Mechanism of Action:
Solriamfetol functions by: The specific mechanism of action is unknown but it may be through its activity as a dopamine and norepinephrine reuptake inhibitor. This mechanism highlights the drug's role in inhibiting or promoting specific biological pathways, contributing to its therapeutic effects.
Toxicity:
Categories:
Solriamfetol is categorized under the following therapeutic classes: Acids, Acyclic, Adrenergic Agents, Adrenergic Uptake Inhibitors, Agents producing tachycardia, Agents that produce hypertension, Amino Acids, Amino Acids, Aromatic, Amino Acids, Cyclic, Amino Acids, Peptides, and Proteins, Antidepressive Agents, Central Nervous System Agents, Central Nervous System Depressants, Centrally Acting Sympathomimetics, Dopamine Agents, Dopamine And Norepinephrine Reuptake Inhibitors, Dopamine Uptake Inhibitors, Drugs that are Mainly Renally Excreted, MATE 1 Substrates, MATE substrates, Nervous System, Norepinephrine Reuptake Inhibitor, OCT2 Substrates, Psychoanaleptics, Psychostimulants, Agents Used for ADHD and Nootropics, Wakefulness-Promoting Agents.

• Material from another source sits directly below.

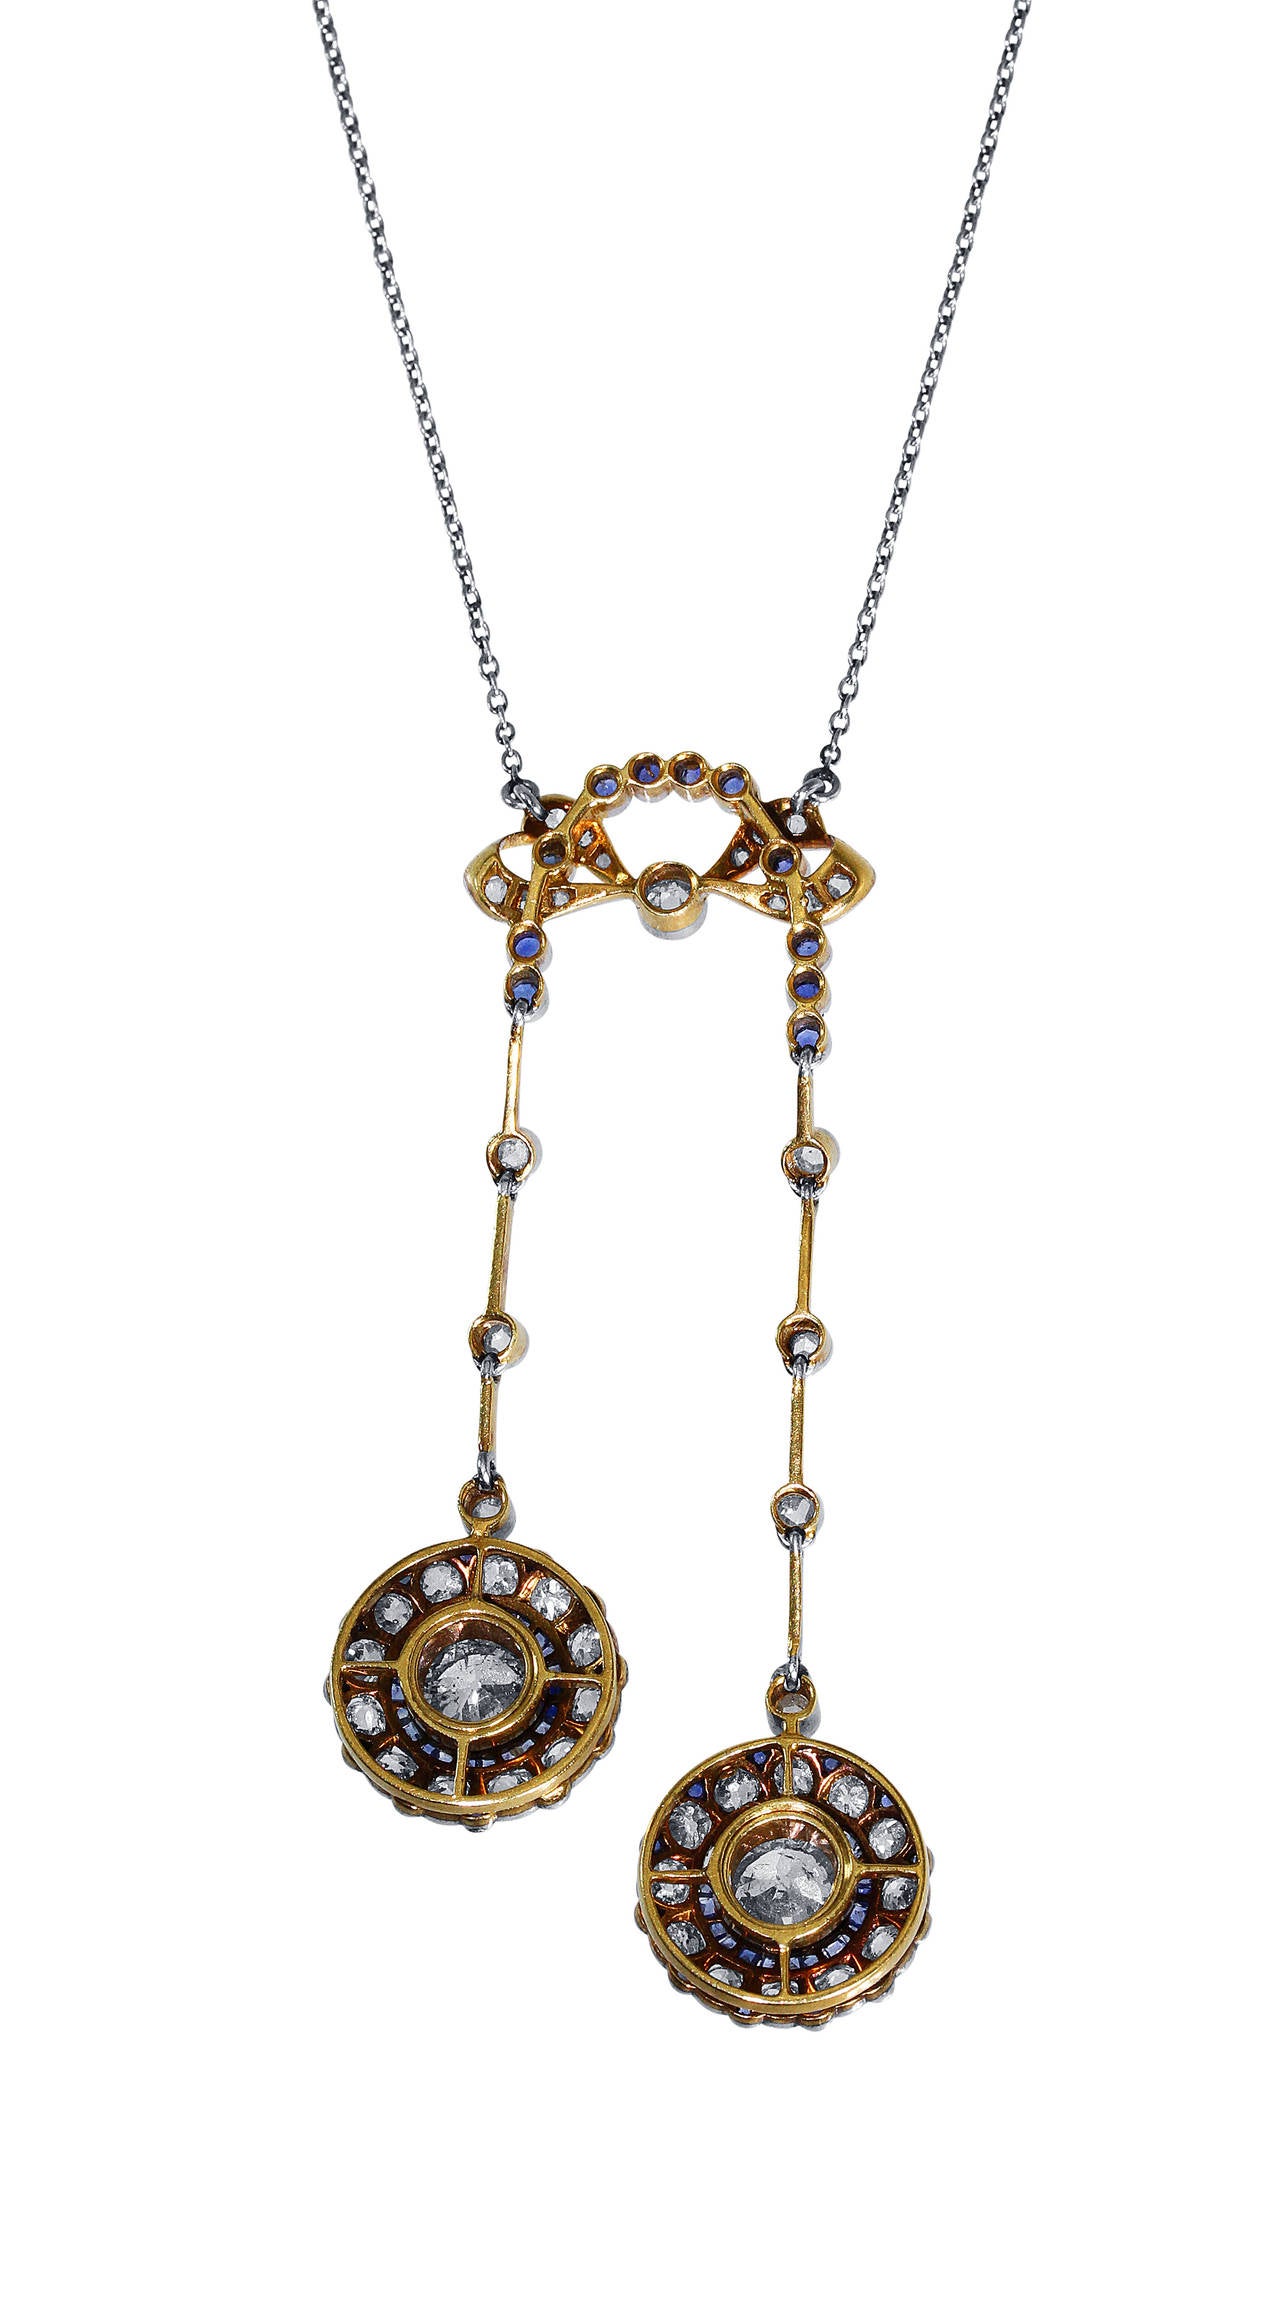 An Edwardian platinum, gold diamond and sapphire lavalière pendant necklace, circa 1910, the delicate pendant of bow design supporting two articulated pendants set with 2 old European-cut diamonds weighing approximately 2.00 carats, framed by 43

These classifications highlight the drug's diverse therapeutic applications and its importance in treating various conditions.
Solriamfetol is a type of Central Nervous System Agents
Central Nervous System (CNS) Agents are a crucial category of pharmaceutical Active Pharmaceutical Ingredients (APIs) that specifically target the central nervous system. The CNS encompasses the brain and spinal cord, playing a vital role in regulating and controlling various bodily functions, including cognition, movement, emotions, and sensory perception. These agents are designed to interact with specific receptors, enzymes, or ion channels within the CNS to modulate neural activity and restore normal functioning.

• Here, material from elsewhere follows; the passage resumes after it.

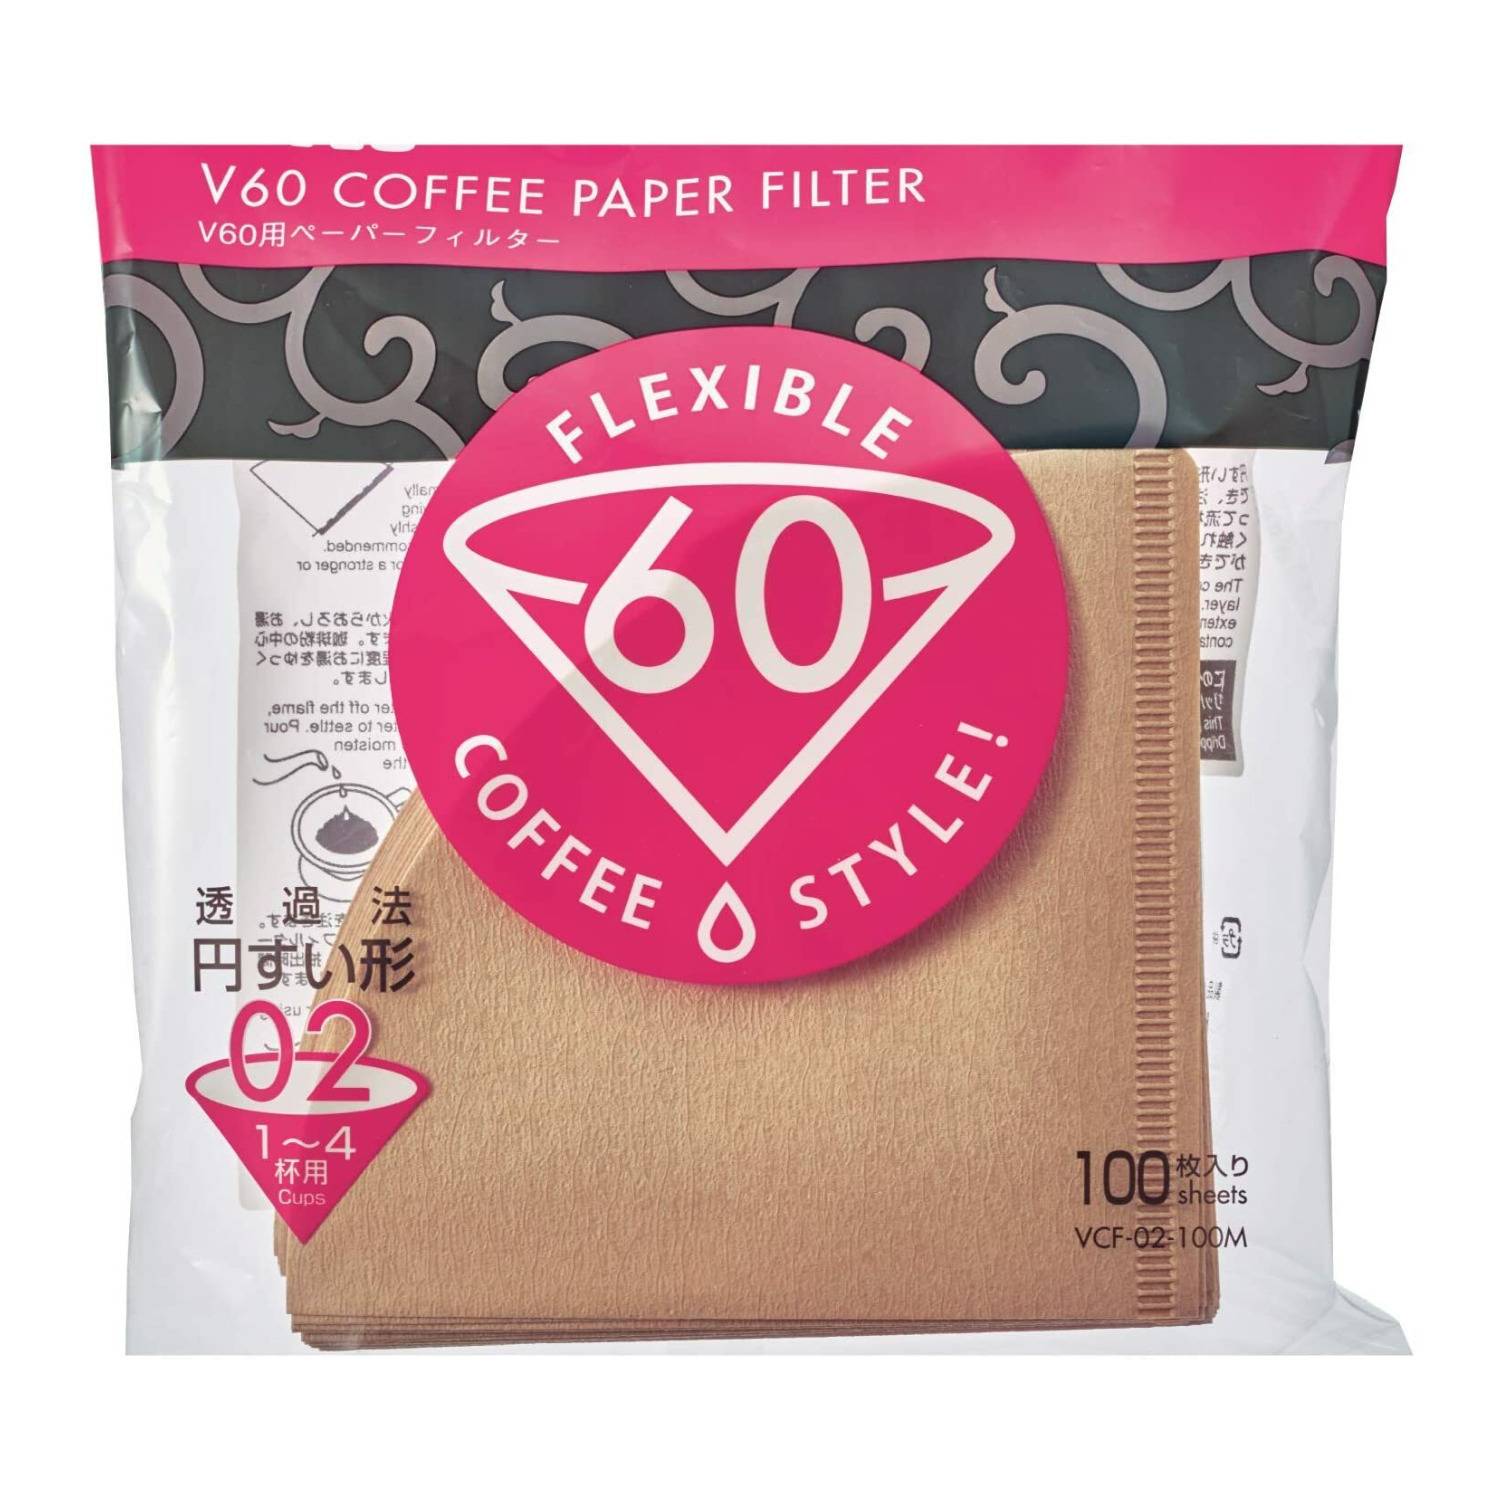 Hario V60 Misarashi Coffee Paper Filters (Size 02, Natural, 100-Pack)
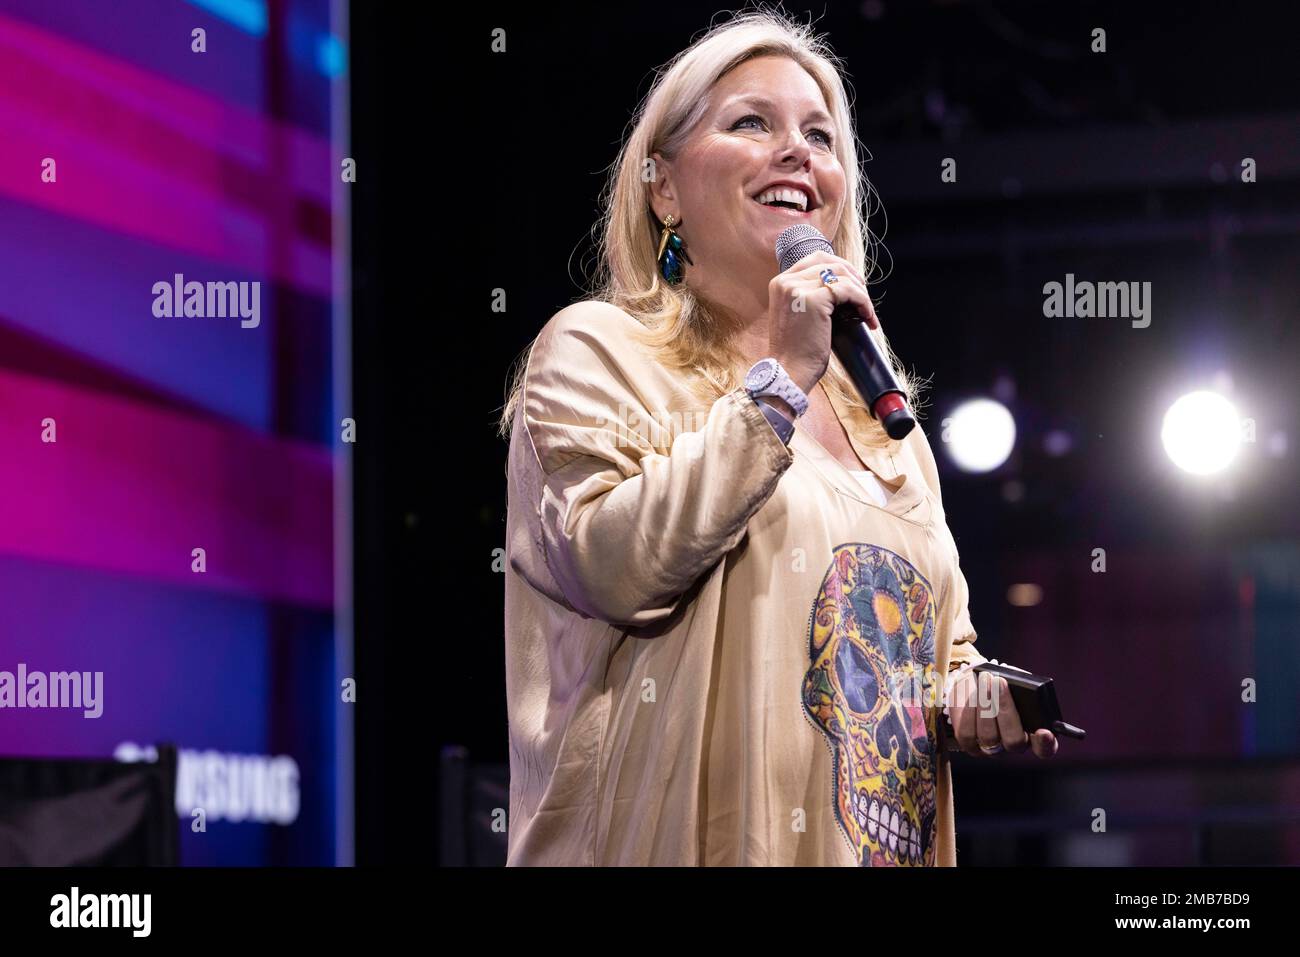 https://c8.alamy.com/comp/2MB7BD9/image-distributed-for-for-samsung-electronics-america-michelle-crossan-matos-chief-marketing-officer-of-samsung-electronics-america-talks-about-the-companys-efforts-to-celebrate-nft-creators-and-cultivate-communities-in-the-metaverse-at-samsung-837next-event-series-during-nftnyc-on-wednesday-june-22-2022-in-new-york-ann-sophie-fjello-jensenap-images-for-samsung-electronics-america-2MB7BD9.jpg

CNS agents comprise a diverse range of pharmaceutical APIs, including analgesics, anesthetics, antipsychotics, sedatives, hypnotics, anti-epileptics, and antidepressants. Each subcategory addresses distinct neurological disorders and conditions. For instance, analgesics alleviate pain by targeting receptors in the brain and spinal cord, while antipsychotics are employed to manage psychosis symptoms in mental illnesses such as schizophrenia.
The development of CNS agents involves rigorous research, molecular modeling, and extensive clinical trials to ensure safety, efficacy, and specific target engagement. Pharmaceutical companies invest significant resources in identifying novel drug targets, synthesizing new compounds, and optimizing their pharmacological properties. These agents undergo rigorous regulatory evaluations and must adhere to stringent quality standards and guidelines.
Given the prevalence of CNS disorders globally, the market demand for effective CNS agents is substantial. The development of innovative CNS APIs not only improves patient outcomes but also provides valuable commercial opportunities for pharmaceutical companies. Continued advancements in CNS agent research and development hold the promise of groundbreaking therapies that can improve the quality of life for individuals affected by neurological conditions.